## ABOUT THIS TASK
Nothing outside the stretch is wanted. Repeat exactly the lines of the listing below from the one that contains "Acer Aspire TC" through the one that contains "沙特公布打造智能线性城市Line计划截图", both ends included.

## RECORD SET
_____

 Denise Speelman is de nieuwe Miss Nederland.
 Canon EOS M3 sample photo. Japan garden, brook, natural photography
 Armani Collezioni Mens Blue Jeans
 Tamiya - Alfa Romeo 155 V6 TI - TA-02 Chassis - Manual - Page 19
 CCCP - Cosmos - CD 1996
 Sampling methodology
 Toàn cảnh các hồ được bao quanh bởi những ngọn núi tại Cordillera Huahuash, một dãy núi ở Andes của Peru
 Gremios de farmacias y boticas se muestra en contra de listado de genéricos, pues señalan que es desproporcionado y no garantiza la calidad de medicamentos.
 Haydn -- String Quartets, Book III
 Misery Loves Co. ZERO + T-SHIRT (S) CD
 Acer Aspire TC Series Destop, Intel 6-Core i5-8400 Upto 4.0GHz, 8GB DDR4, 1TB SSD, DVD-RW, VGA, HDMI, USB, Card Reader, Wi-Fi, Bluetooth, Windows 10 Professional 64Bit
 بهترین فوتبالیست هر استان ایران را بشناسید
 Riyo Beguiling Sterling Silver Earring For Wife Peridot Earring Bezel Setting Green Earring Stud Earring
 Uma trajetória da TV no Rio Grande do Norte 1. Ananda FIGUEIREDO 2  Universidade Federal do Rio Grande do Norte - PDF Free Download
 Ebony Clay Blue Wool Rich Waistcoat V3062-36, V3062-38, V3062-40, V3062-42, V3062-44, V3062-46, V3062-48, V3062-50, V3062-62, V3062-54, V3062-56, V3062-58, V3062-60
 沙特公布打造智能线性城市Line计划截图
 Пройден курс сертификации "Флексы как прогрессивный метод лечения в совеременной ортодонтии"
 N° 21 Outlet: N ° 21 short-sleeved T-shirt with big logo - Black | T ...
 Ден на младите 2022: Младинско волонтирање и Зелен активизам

_____

## SOLUTION TO THIS PROBLEM
 Acer Aspire TC Series Destop, Intel 6-Core i5-8400 Upto 4.0GHz, 8GB DDR4, 1TB SSD, DVD-RW, VGA, HDMI, USB, Card Reader, Wi-Fi, Bluetooth, Windows 10 Professional 64Bit
 بهترین فوتبالیست هر استان ایران را بشناسید
 Riyo Beguiling Sterling Silver Earring For Wife Peridot Earring Bezel Setting Green Earring Stud Earring
 Uma trajetória da TV no Rio Grande do Norte 1. Ananda FIGUEIREDO 2  Universidade Federal do Rio Grande do Norte - PDF Free Download
 Ebony Clay Blue Wool Rich Waistcoat V3062-36, V3062-38, V3062-40, V3062-42, V3062-44, V3062-46, V3062-48, V3062-50, V3062-62, V3062-54, V3062-56, V3062-58, V3062-60
 沙特公布打造智能线性城市Line计划截图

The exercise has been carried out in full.